Use Markdown. Add ## for section titles. TOPICS RECAP:"""
        # Research with weblinks where relevant EXACTLY ONCE:
        self.PROMPT = PromptTemplate(
            template=self.prompt_template, input_variables=["text"]
        )
        #         self.chain = load_summarize_chain(ChatOpenAI(temperature=0), chain_type="map_reduce", return_intermediate_steps=True, map_prompt=PROMPT, combine_prompt=PROMPT)
        self.chain = load_summarize_chain(
            ChatOpenAI(temperature=0), chain_type="stuff", prompt=self.PROMPT
        )
        self.docs = self.make_docs(plain_text)

    @lru_cache
    def make_docs(self, plain_text: str):
        texts = text_splitter.split_text(plain_text)
        docs = [Document(page_content=t) for t in texts]
        return docs

    def summarize_docs(self):
        chain_output = self.chain(
            {"input_documents": self.docs}, return_only_outputs=True
        )
        return chain_output


def summarize(message: str) -> str:
    sd = SummarizeDay(message)
    chain_output = sd.summarize_docs()
    summary_text = chain_output["output_text"]
    print(summary_text)
    return summary_text

In [None]:
%%time
daily_df["Summary"] = daily_df["Message"].apply(summarize)

In [None]:
import re

WINDOW = 1


def extract_urls_with_context(text):
    lines = text.split("\n")
    url_pattern = re.compile(
        r"http[s]?://(?:[a-zA-Z]|[0-9]|[$-_@.&+]|[!*\\(\\),]|(?:%[0-9a-fA-F][0-9a-fA-F]))+"
    )
    urls_with_context = []

    for idx, line in enumerate(lines):
        for match in url_pattern.finditer(line):
            start, end = match.span()
            prev_line = lines[idx - WINDOW] if idx > 0 else ""
            next_line = lines[idx + WINDOW] if idx < len(lines) - 1 else ""
            context = f"{prev_line}\n{line}\n{next_line}".strip()
            urls_with_context.append((match.group(), context))

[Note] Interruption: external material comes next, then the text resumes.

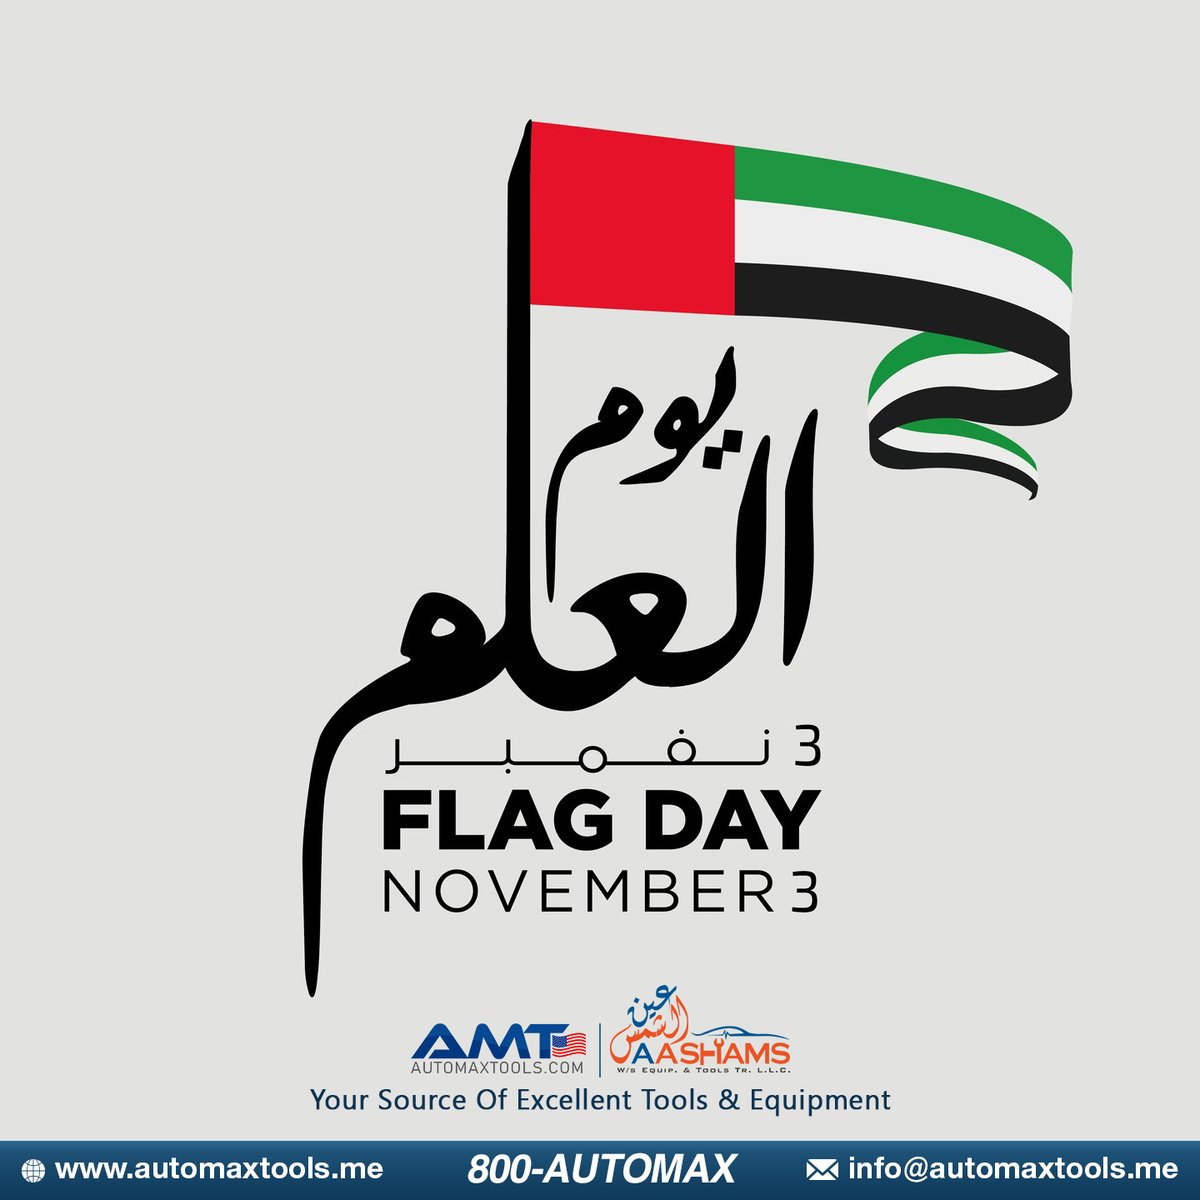 Today, on the occasion of #FlagDay we stand together as a family and express our pride & love towards this nation, & celebrate the glory of the #UAE flag.
#flagdayuae #happyflagdayuae #flagday2022 #flagdayuae🇦🇪 #dubai

    return urls_with_context


class LinksContext:
    def __init__(self, plain_text):
        self.prompt_template = """For the given URL, there is some context. Newlines may or may not be related to the link, but the message in the same link as link is related to the link.
        
{text}
        
Mention URL with context. Single bullet point:"""
        # Research with weblinks where relevant EXACTLY ONCE:
        self.PROMPT = PromptTemplate(
            template=self.prompt_template, input_variables=["text"]
        )
        #         self.chain = load_summarize_chain(ChatOpenAI(temperature=0, model_name="gpt-4"), chain_type="map_reduce", return_intermediate_steps=True, map_prompt=PROMPT, combine_prompt=PROMPT)
        self.chain = load_summarize_chain(
            ChatOpenAI(temperature=0), chain_type="stuff", prompt=self.PROMPT
        )
        self.docs = self.make_docs(plain_text)

    @lru_cache
    def make_docs(self, plain_text: str):
        texts = text_splitter.split_text(plain_text)
        docs = [Document(page_content=t) for t in texts]
        return docs

    def summarize_docs(self):
        chain_output = self.chain(
            {"input_documents": self.docs}, return_only_outputs=True
        )
        return chain_output


def end_note_with_links(message: str) -> str:
    url_groups = extract_urls_with_context(message)
    link_with_description = []
    for ug in url_groups:
        lc = LinksContext(ug[1])
        chain_output = lc.summarize_docs()
        output_text = chain_output["output_text"]
        link_with_description.append(output_text)
    return "\n".join(link_with_description)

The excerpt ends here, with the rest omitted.